MI 2010
Medieninformation 205/2010 vom 15.09.2010
16. September - Tag zum Schutz der Ozonschicht
Verwendungsmenge chlorfreier Ersatzstoffe (Blends) 2009 auf Spitzenwert gestiegen
424,9 Tonnen klimawirksame Stoffe wurden 2009 durch die sächsischen Unternehmen im Rahmen ihrer wirtschaftlichen Tätigkeit verwendet.

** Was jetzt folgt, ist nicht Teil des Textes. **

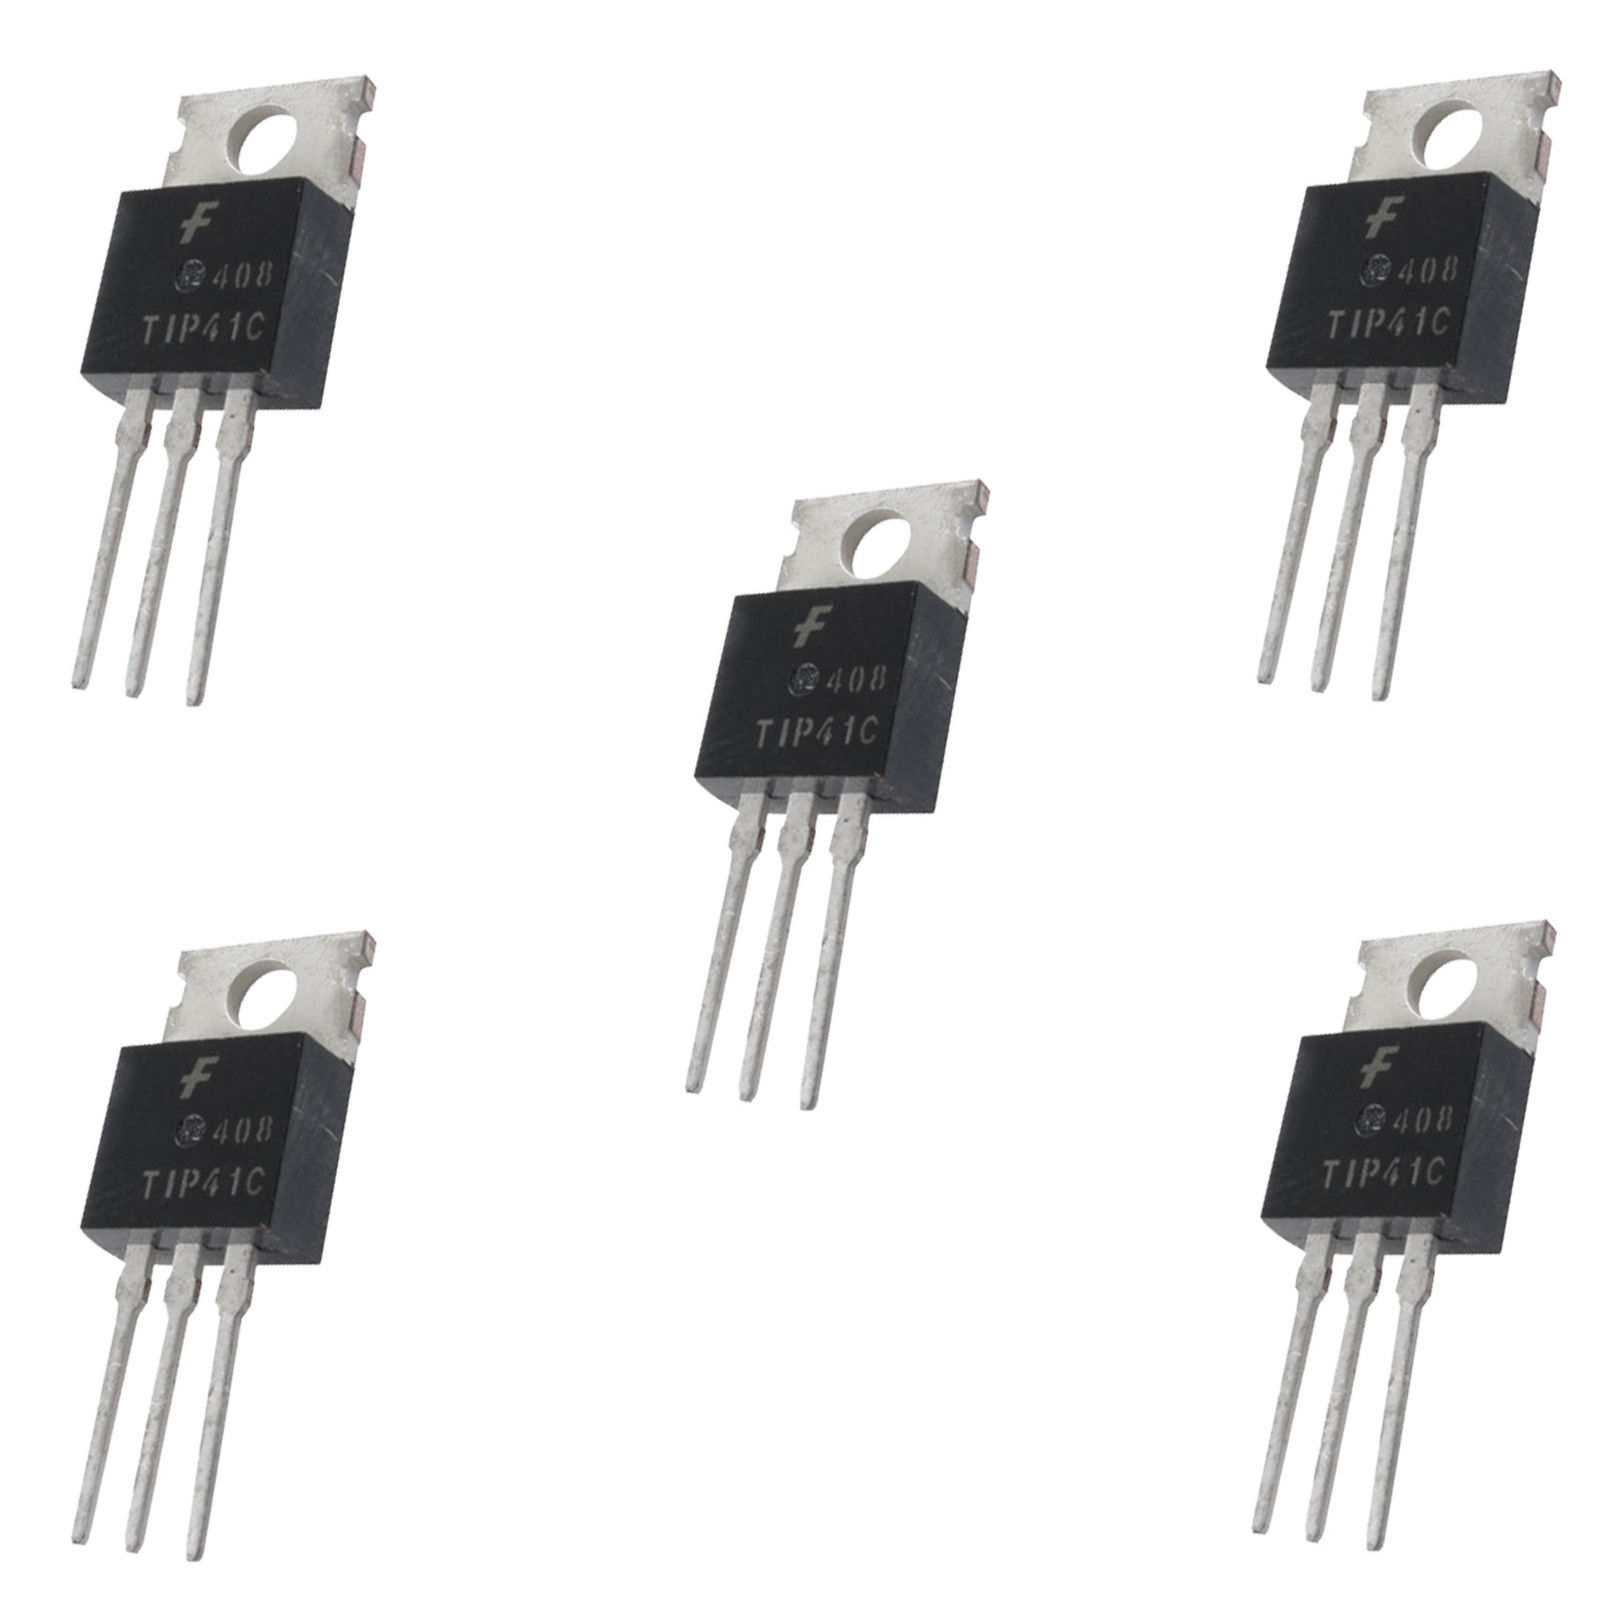 Tip41-1st Class Post 5 X Tip41c Npn Power Transistor to-220

Damit verringerte sich gegenüber dem Vorjahr (2008 = 468,3 Tonnen) die Verwendungsmenge dieser Stoffe um 43,4 Tonnen (9,3 Prozent). Bei Betrachtung der Verwendungsmengen wurde festgestellt, dass diese in den Jahren 1996 - 2007 kontinuierlich stiegen. In den letzten zwei Jahren hingegen wurde ein Rückgang der Verwendungsmenge festgestellt.
Nach Mitteilung des Statistischen Landesamtes kam der mengenmäßige Hauptanteil (387,7 Tonnen = rund 91 Prozent) als Kältemittel zum Einsatz. Der höchste Verbrauch fiel dabei bei der Erstbefüllung von Autoklimaanlagen im Wirtschaftszweig »Herstellung von Kraftwagen und -motoren« an (143,7 Tonnen).
Nach dem Verbot FCKW-haltiger Kältemittel stieg 2009 die ersatzweise Verwendung chlorfreier Stoffgemische mit ähnlichen Eigenschaften (Blends) auf den bisherigen Spitzenwert von 171,2 Tonnen. Im Vergleich zu 2008 nahm dieser Mengenanteil um mehr als ein Fünftel (rund 31 Tonnen = 22,1 Prozent) zu. Damit setzte sich der Trend aus den Vorjahren weiterhin kontinuierlich fort, immer größere Mengen dieser Ersatzstoffe zum Einsatz zu bringen. Die Blends wurden aufgrund ihrer stofflichen Eigenschaften ausnahmslos als Kältemittel eingesetzt.
Klimawirksame Stoffe fördern den Treibhauseffekt. Da sich die verwendeten Stoffe größtenteils in geschlossenen Systemen befinden, tritt eine Schädigung der Umwelt nur im Falle ihrer Freisetzung in die Atmosphäre auf.